An Historic Achievement

If you could sum up The History of the Ancient World in three words, what would they be?

Colourful, In-Depth, Informative

Who was your favorite character and why?

Considering this book covers a vast portion of early human history it is impossible to assign particular value to a single character.

Which scene was your favorite?

Picking just one episode is difficult, but the most memorable to me was the exchange between King Croesus of Lydia and King Cyrus of Persia on the night the Persians looted the fabled wealth of the Lydians. Noting that the defeated monarch was quiet as his city burned, Cyrus asked how he felt about losing his wealth in this manner. "It is not my wealth they are stealing," Croesus replied. "It is yours." Valuable insight into the nature of conquest even today.

Any additional comments?

Although my field is 19th century Victoriana, I have an interest in many periods of history, in particular the Aegean Bronze Age and the early Celts in Europe. This book blends ancient historical accounts, myths, legends, religious texts to weave a tapestry of early human history, including civilizations as diverse as Mesopotamia, India, China and Europe. It is a massive undertaking.

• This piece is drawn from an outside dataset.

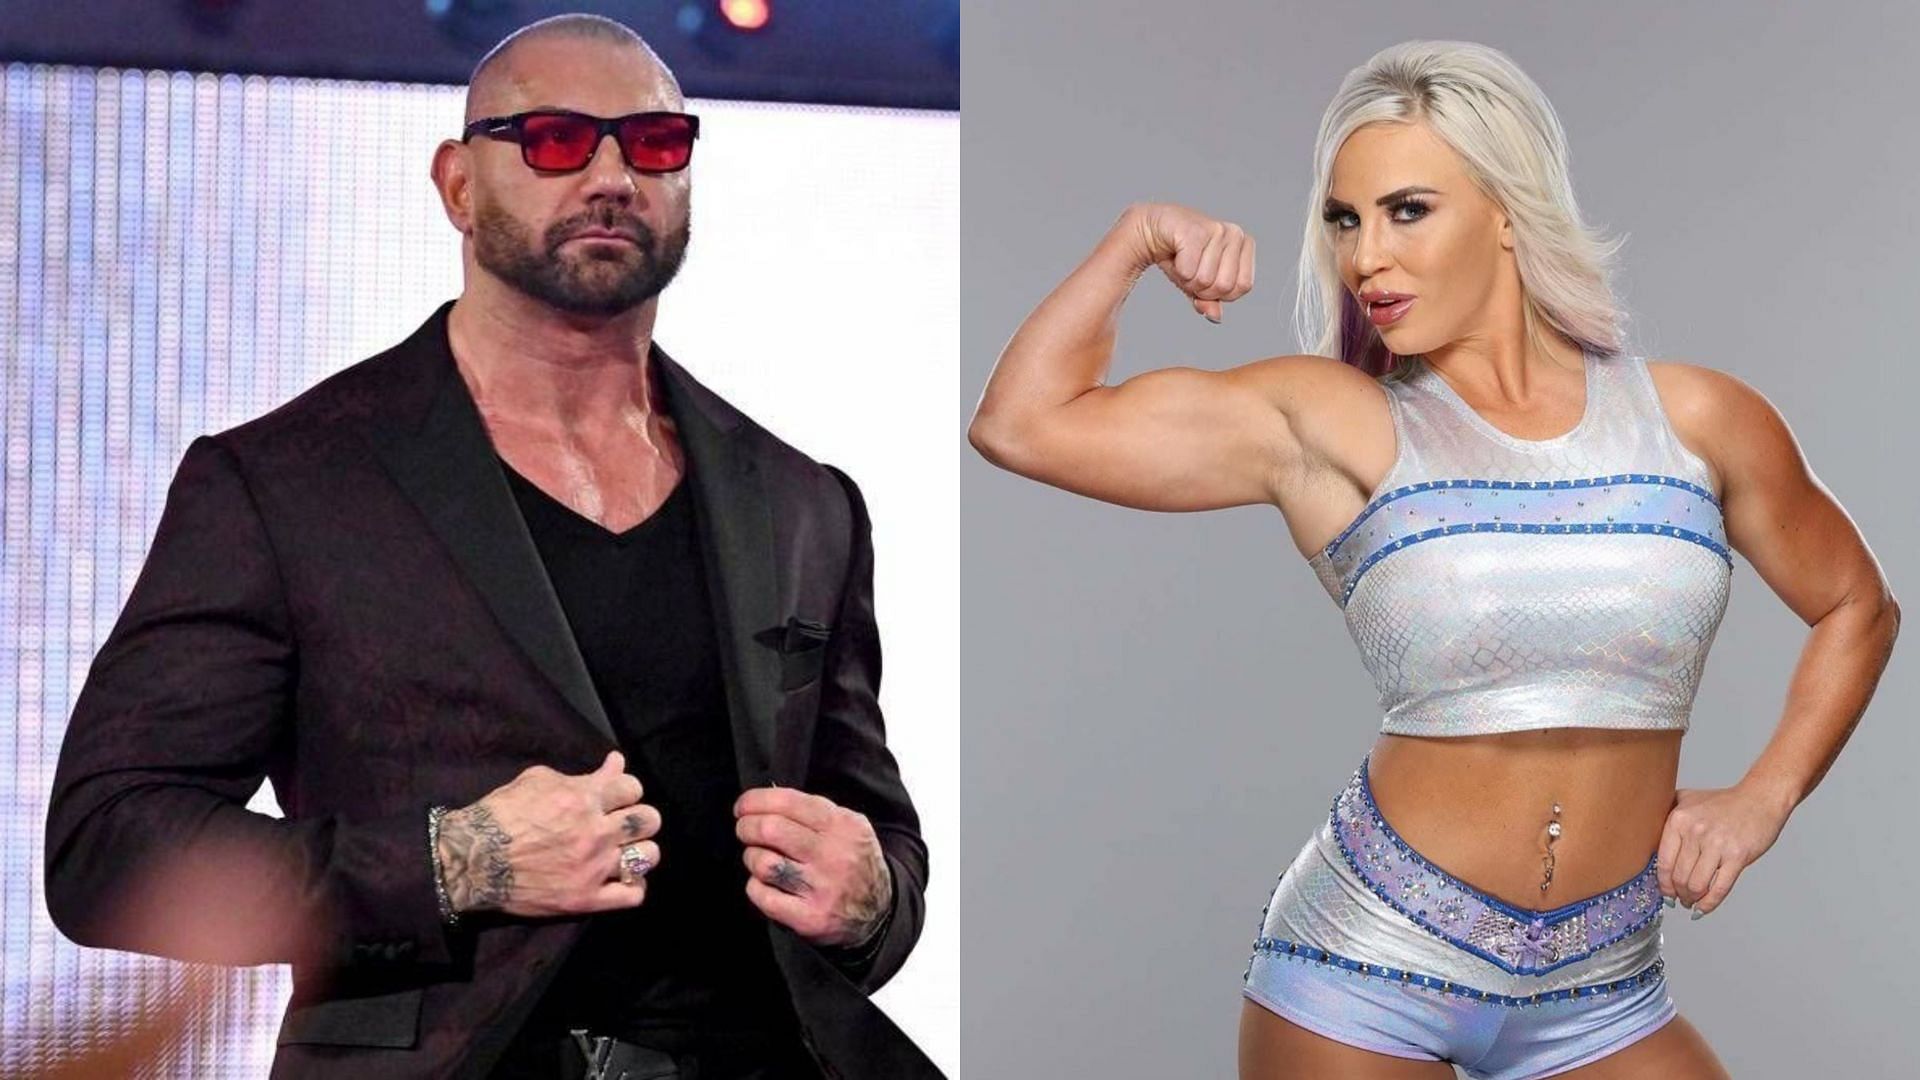 Batista and Dana Brooke openly flirted on Twitter in 2019

I accept that accuracy is not always possible when the only texts available are those that have been translated, interpreted, and even deified. While experts may disagree on the finer points, the overall effort is worthy of credit. To keep all these many threads separate and clear is a mighty undertaking and I applaud the author for the attempt.

No historical account can be perfect as new discoveries come to light all the time, from archeological digs and manuscript finds to revisions of classic literature. If we waited for historians to agree on the details, no history would ever be written. And that would be a great loss. This is a fine historical overview and what it lacks in depth is more than made up for in breadth.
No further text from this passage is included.